**ABOUT THIS EXERCISE:**
Repeat the listing below exactly. Pictures do not belong in the copy.

═════ RAW DATA ═════

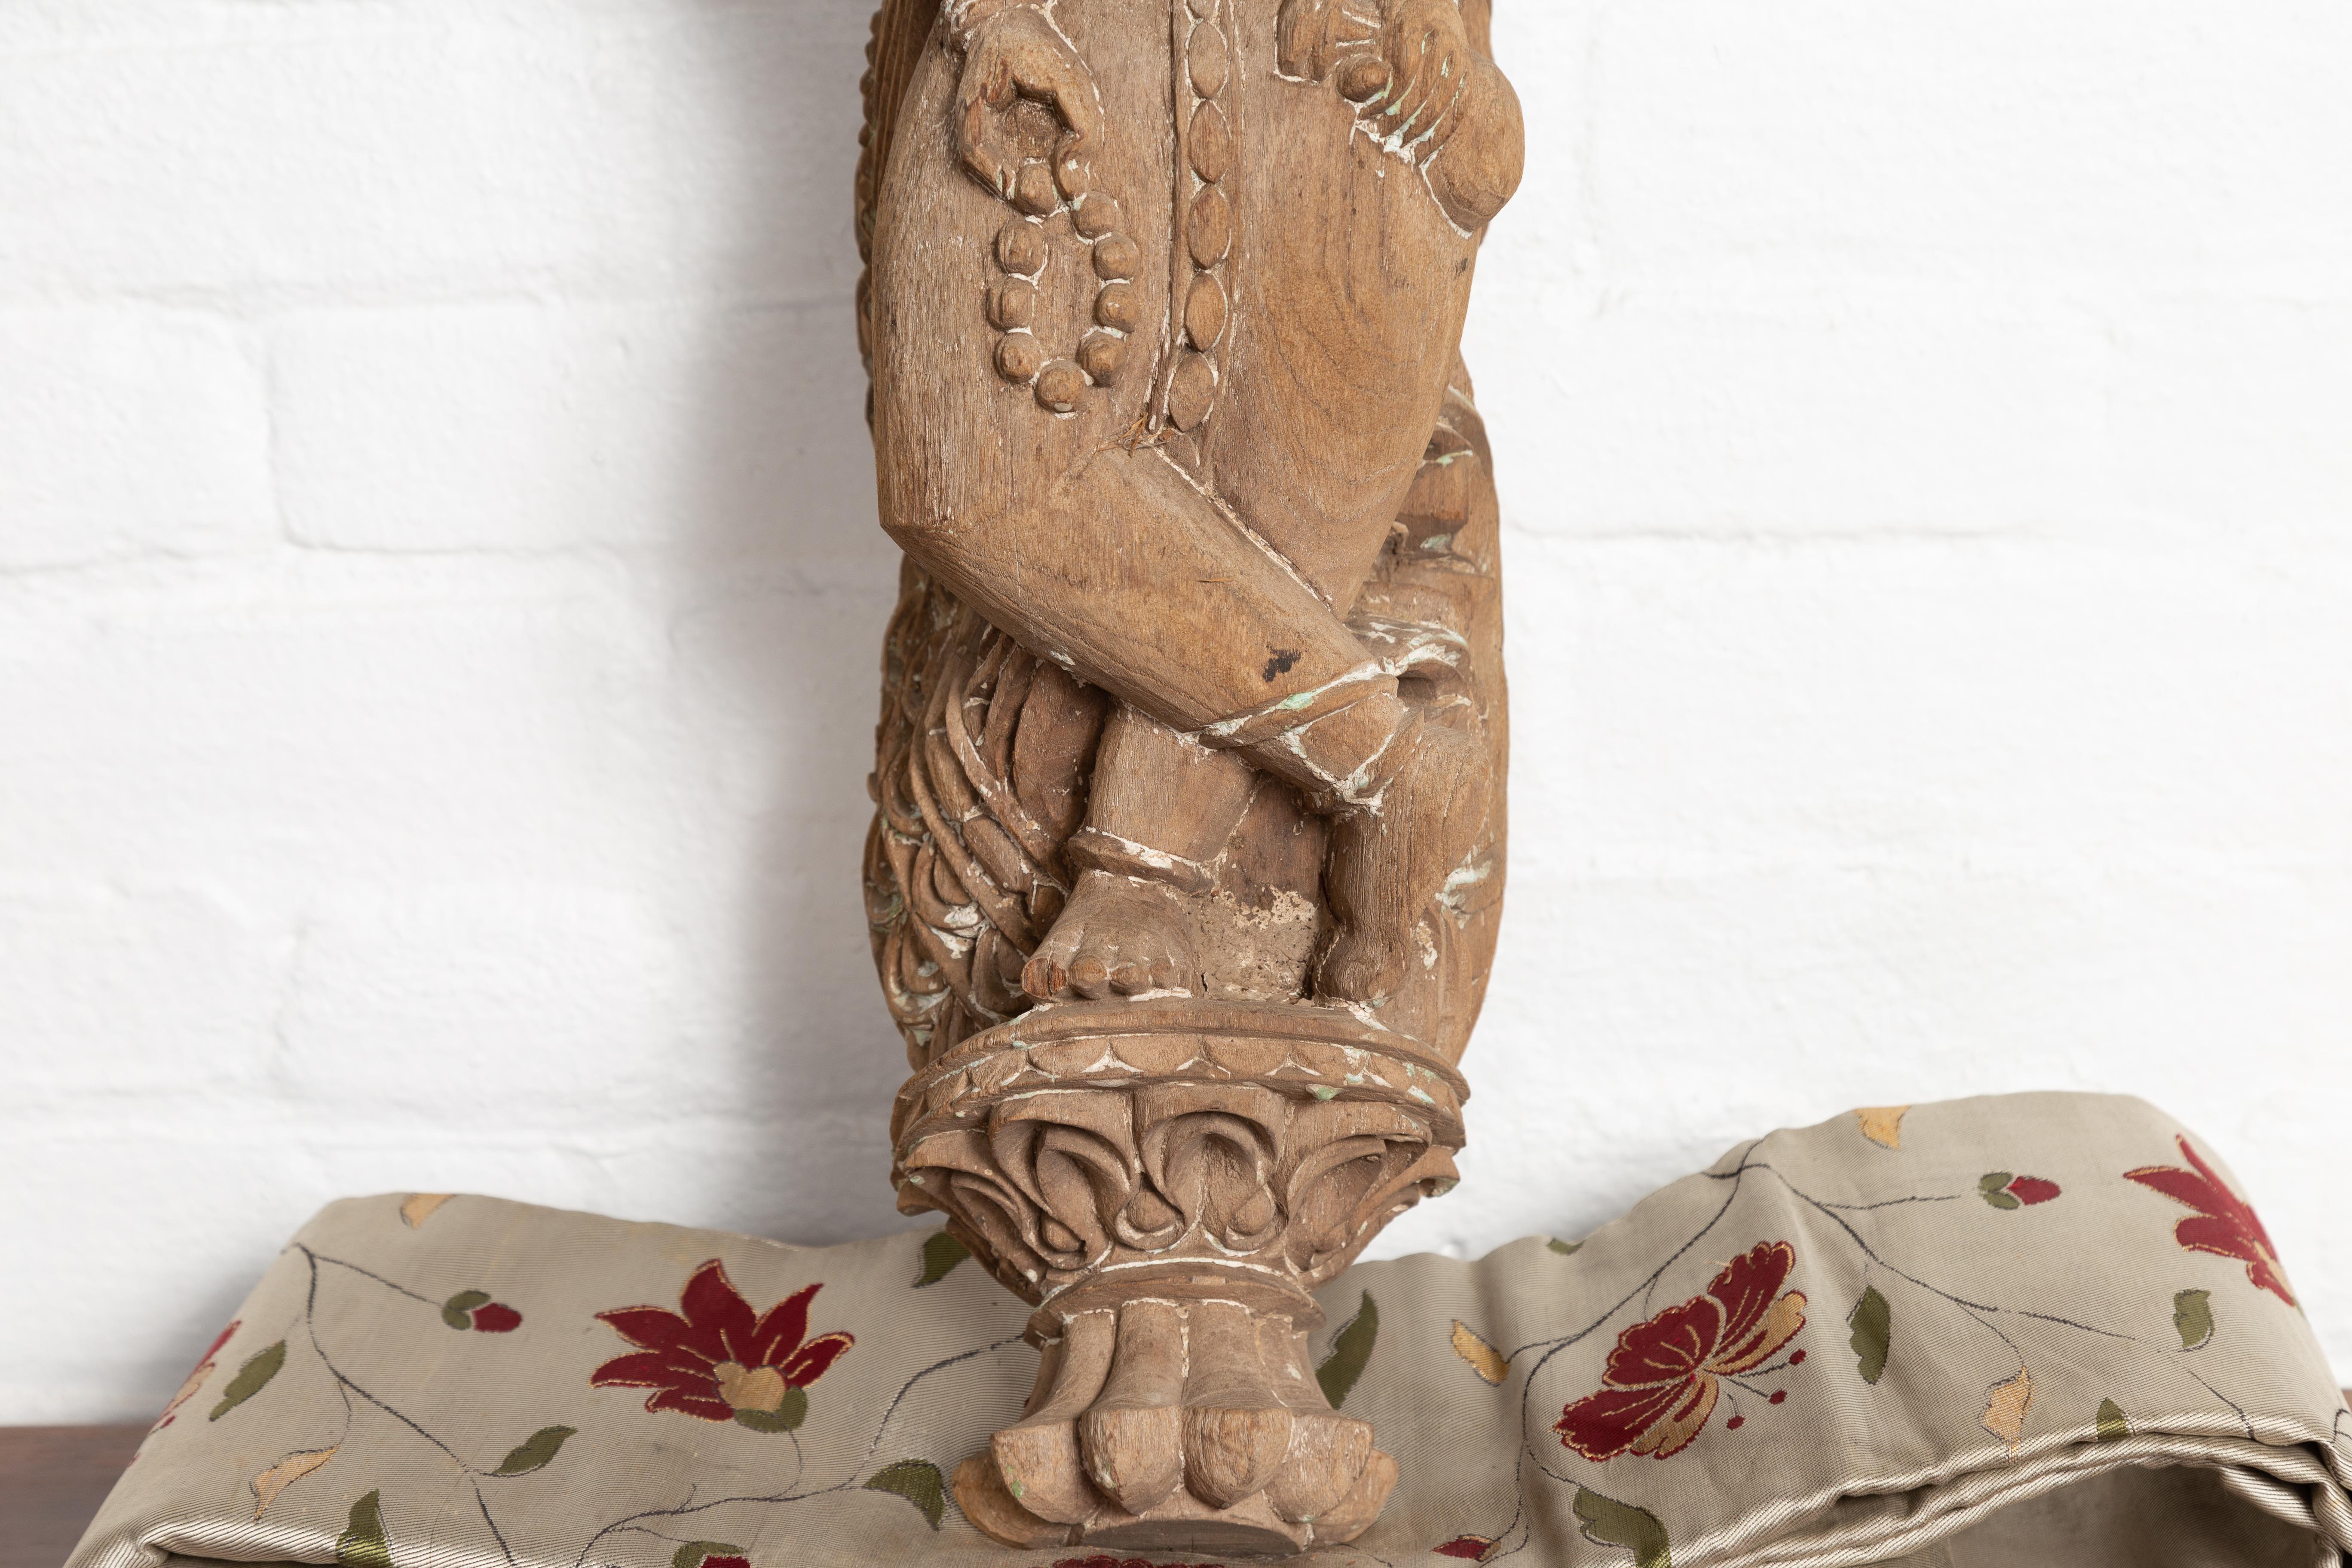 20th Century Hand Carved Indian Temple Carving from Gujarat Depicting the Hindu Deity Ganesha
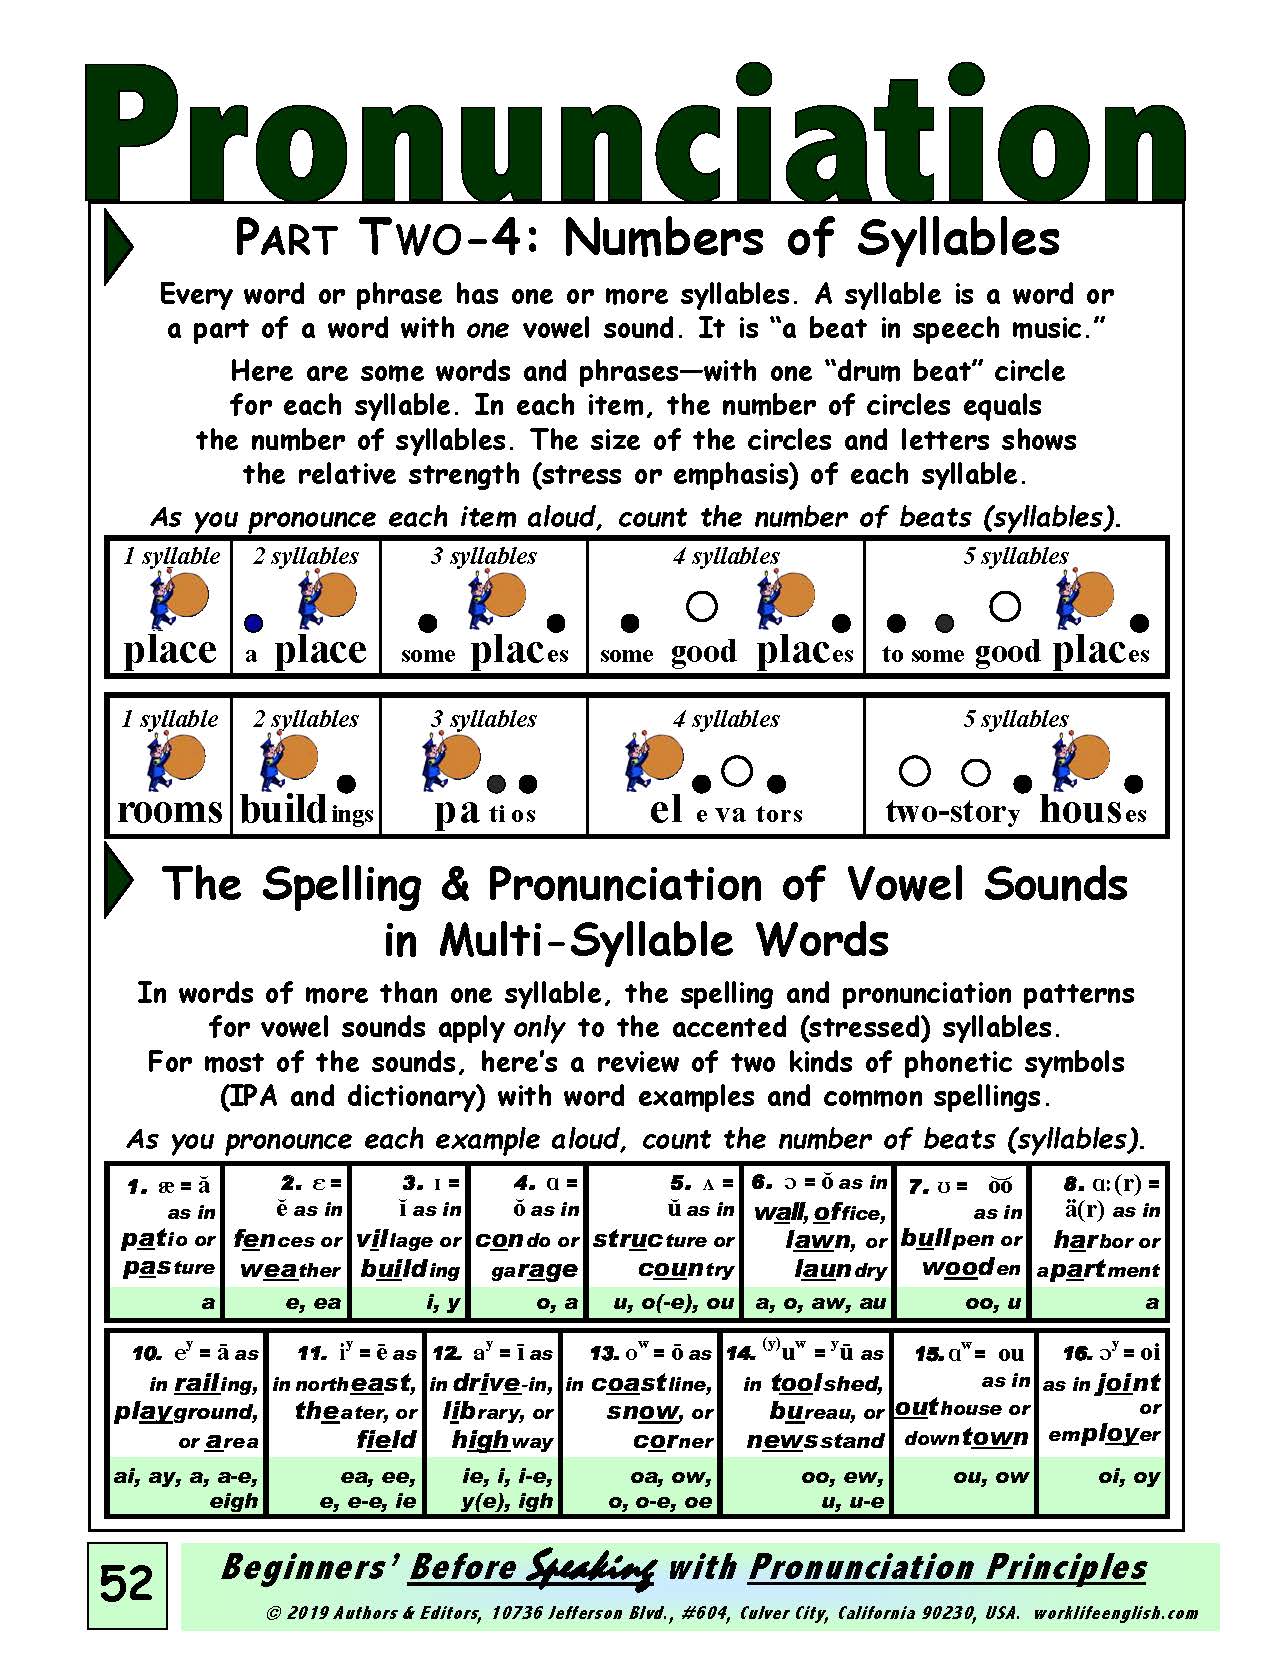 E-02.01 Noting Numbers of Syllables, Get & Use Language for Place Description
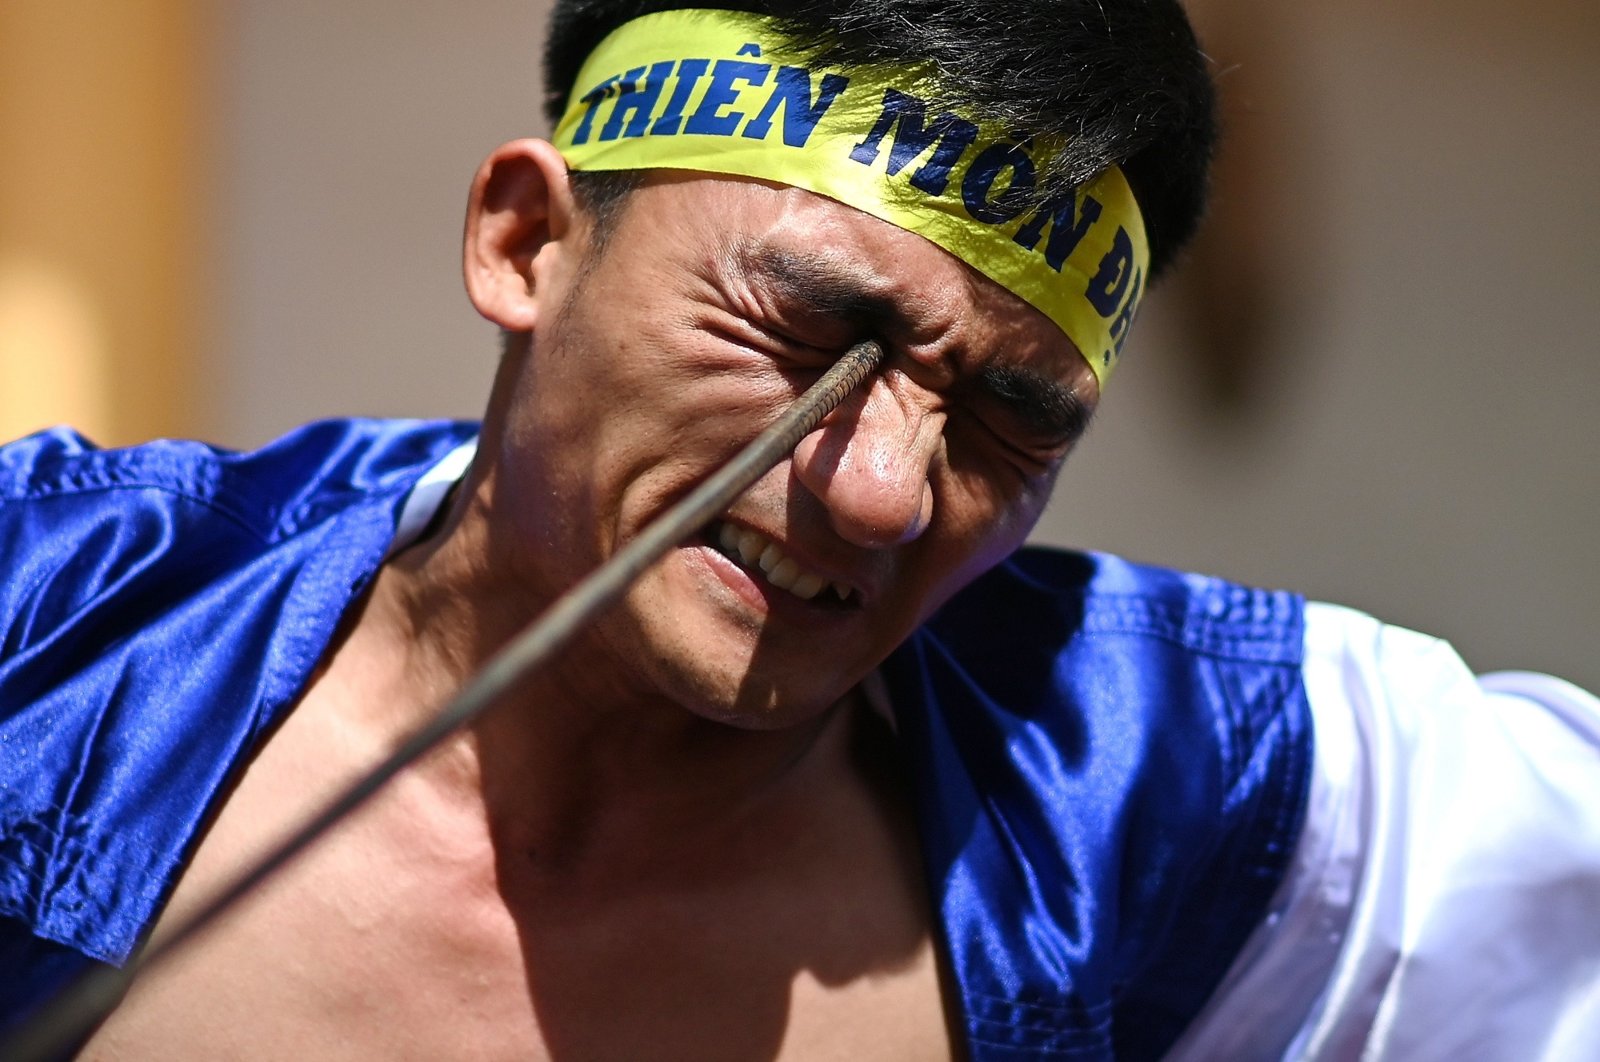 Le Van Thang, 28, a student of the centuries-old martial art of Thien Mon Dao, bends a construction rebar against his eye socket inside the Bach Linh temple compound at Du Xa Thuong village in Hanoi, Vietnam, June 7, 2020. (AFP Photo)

═════

**PROBLEM SOLUTION:**
 20th Century Hand Carved Indian Temple Carving from Gujarat Depicting the Hindu Deity Ganesha
 E-02.01 Noting Numbers of Syllables, Get & Use Language for Place Description
 Le Van Thang, 28, a student of the centuries-old martial art of Thien Mon Dao, bends a construction rebar against his eye socket inside the Bach Linh temple compound at Du Xa Thuong village in Hanoi, Vietnam, June 7, 2020. (AFP Photo)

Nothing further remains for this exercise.